I have really enjoyed my stay at Wesgreen International School that I’ve even extended my contract for another year. This is my first teaching experience away from home so it was really difficult for me to adjust at the beginning. However the staff and the co- workers are helpful and friendly, you will soon settle in. The work load may seem heavy at the beginning but once you’ve set yourself up its pretty much a breeze. The kids are easy to control and really lovable, of course every class has a few challenging students but the school offers great assistance with these learners. I have enjoyed the school, there are issues that arise as they do at any school although the easiest is just to get on with your work because that’s why you here. 
Moving to any country will be a culture shock, but you will soon adjust to the people and the lifestyle. It is very fascinating and you can learn a lot from it. Living in the Middle East is ideal for those of you want to travel, it’s really convenient and affordable to do some from here.
My experience has been wonderful and has positively influenced my life. It hasn’t always been easy, you miss home and you might even struggle on your own but it’s worth it. Teaching aboard opens doors for new opportunities gives you exposure to different teaching and learning methods and allows experiencing a whole new culture of students. I would strongly recommend that you take this opportunity. It’s what you make of it.


----------



## TallyHo

Hmm...

There's another popular Dubai expat forum geared towards British expats.

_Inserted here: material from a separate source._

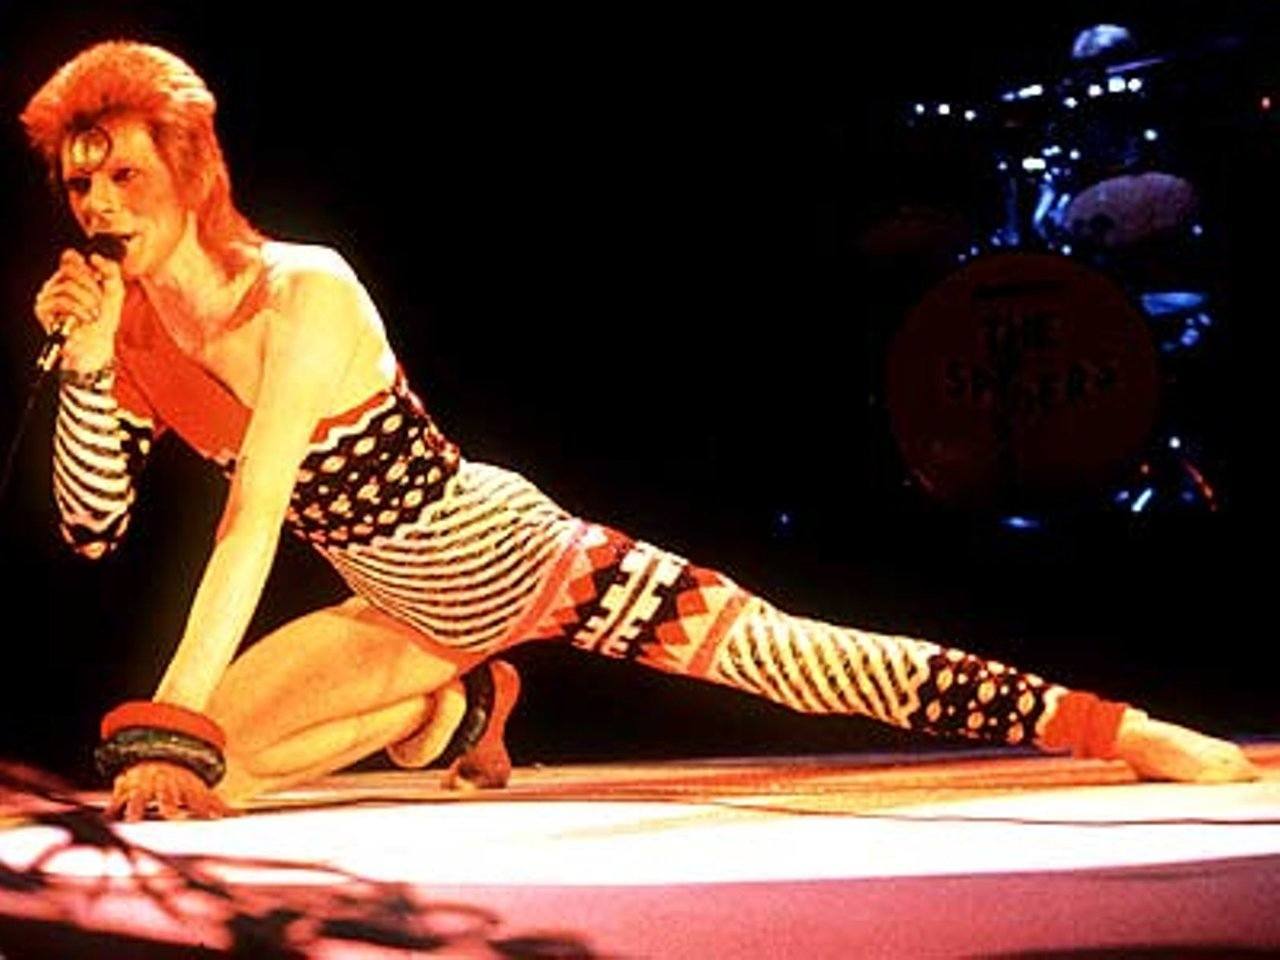 David Bowie - KANSAI YAMAMOTO FEATURE IN VICE MAGAZINE “Fa-fa-fa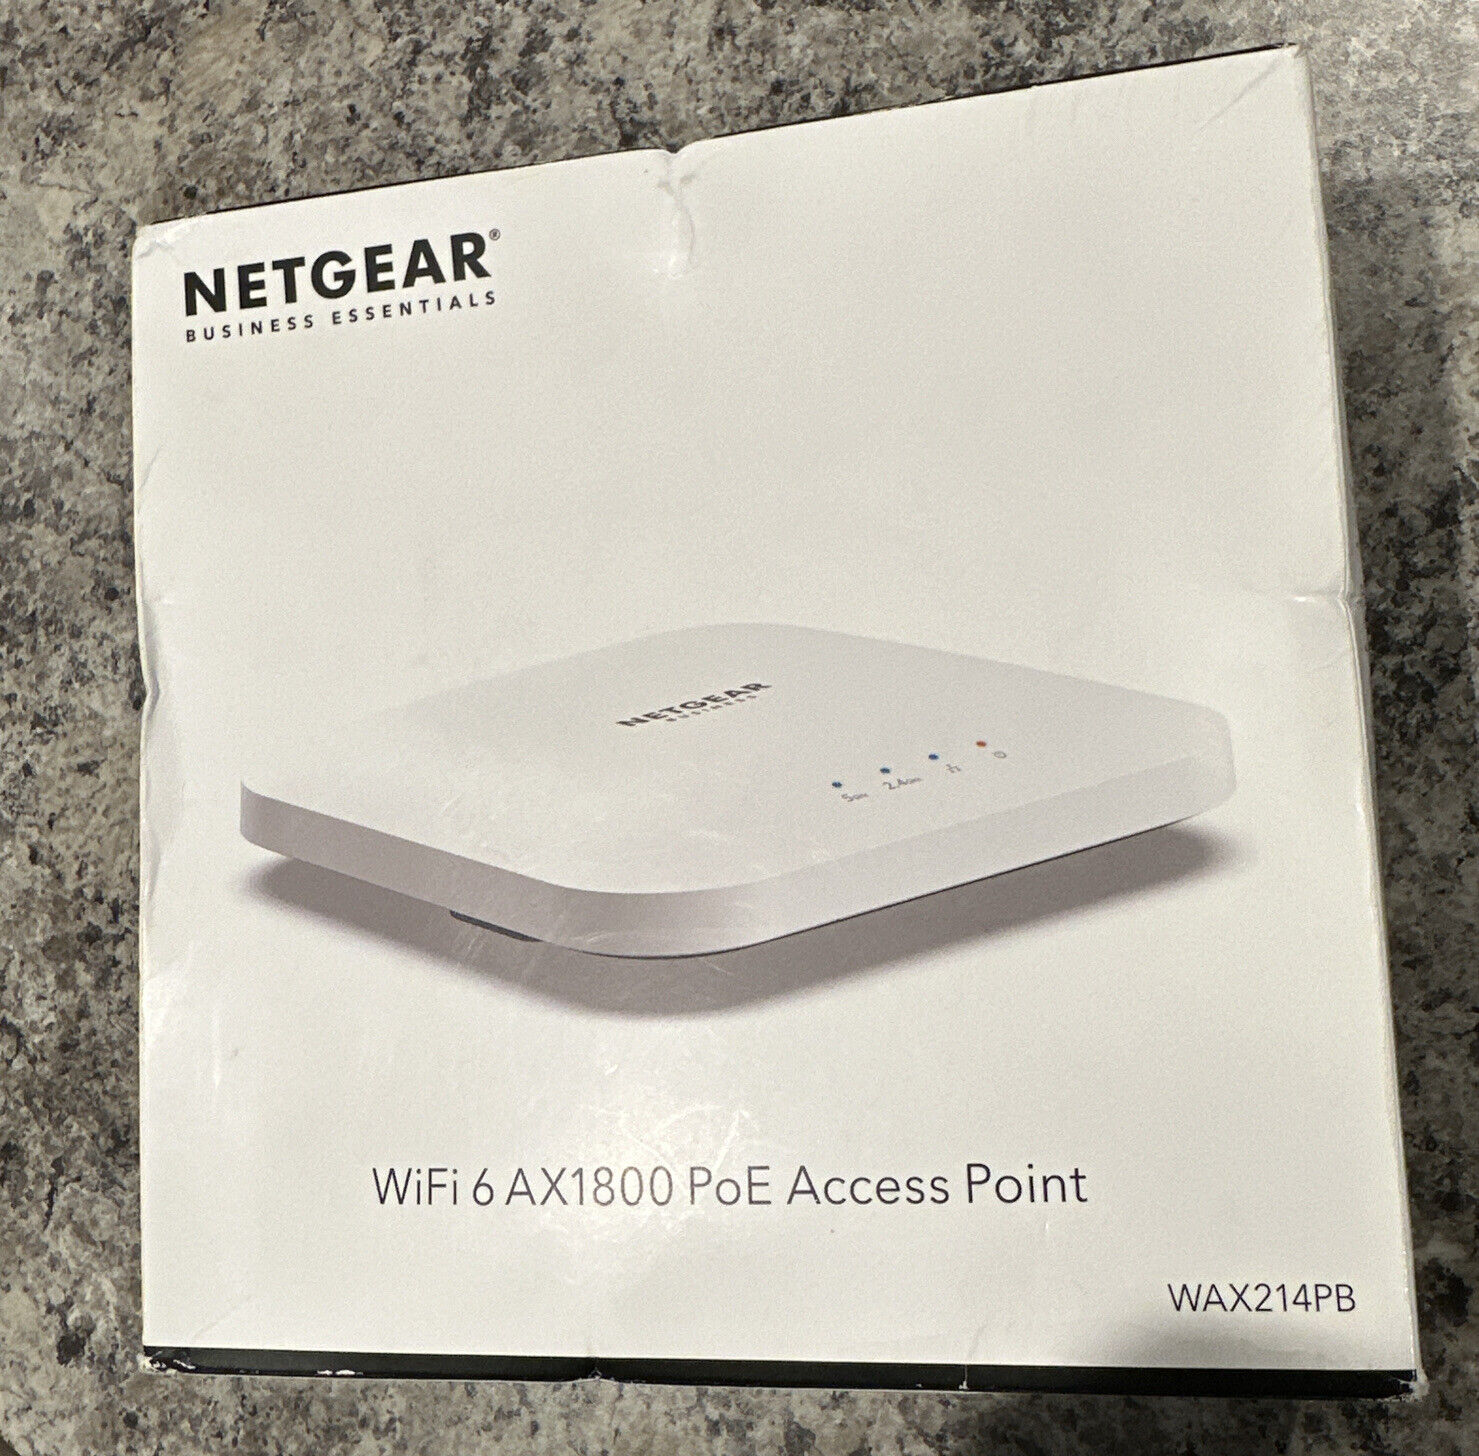 New NETGEAR Business Essentials Wi-Fi 6 AX1800 PoE Access Point WAX214PB-100NAS

Yesterday a brand new poster bumped up a year old thread on Wesgreen to say the previous posters were wrong and how wonderful the school is.

Then today we have another brand new poster bump up this thread on Wesgreen to say how great it is.

Hmm....

Mods?





ked7 said:


> Dear expats
> 
> I have really enjoyed my stay at Wesgreen International School that I’ve even extended my contract for another year. This is my first teaching experience away from home so it was really difficult for me to adjust at the beginning. However the staff and the co- workers are helpful and friendly, you will soon settle in. The work load may seem heavy at the beginning but once you’ve set yourself up its pretty much a breeze. The kids are easy to control and really lovable, of course every class has a few challenging students but the school offers great assistance with these learners. I have enjoyed the school, there are issues that arise as they do at any school although the easiest is just to get on with your work because that’s why you here.
> Moving to any country will be a culture shock, but you will soon adjust to the people and the lifestyle. It is very fascinating and you can learn a lot from it. Living in the Middle East is ideal for those of you want to travel, it’s really convenient and affordable to do some from here.
> My experience has been wonderful and has positively influenced my life. It hasn’t always been easy, you miss home and you might even struggle on your own but it’s worth it. Teaching aboard opens doors for new opportunities gives you exposure to different teaching and learning methods and allows experiencing a whole new culture of students. I would strongly recommend that you take this opportunity. It’s what you make of it.


----------



## ked7

Not everyone views the school in a negative light, I think its good that there is more postive feedback.


----------



## TallyHo

When multiple brand new posters on multiple forums start posting similar posts at the same time, it reeks of damage control and doesn't help your cause.

I won't claim to be knowledgeable about Wesgreen but the name has come up periodically over the last five or so years due to unhappy teachers. I'll leave it at that. 




ked7 said:


> Not everyone views the school in a negative light, I think its good that there is more postive feedback.


----------



## ked7

Everyone is entitled to their opinions,its your personal choice how yoy feel, I have just extened my contract and wanted to share my experience to new staff arriving.


----------



## TotallyH

Anyone have any good feedback about this school? I was thinking of applying for a post here but am in two minds.


----------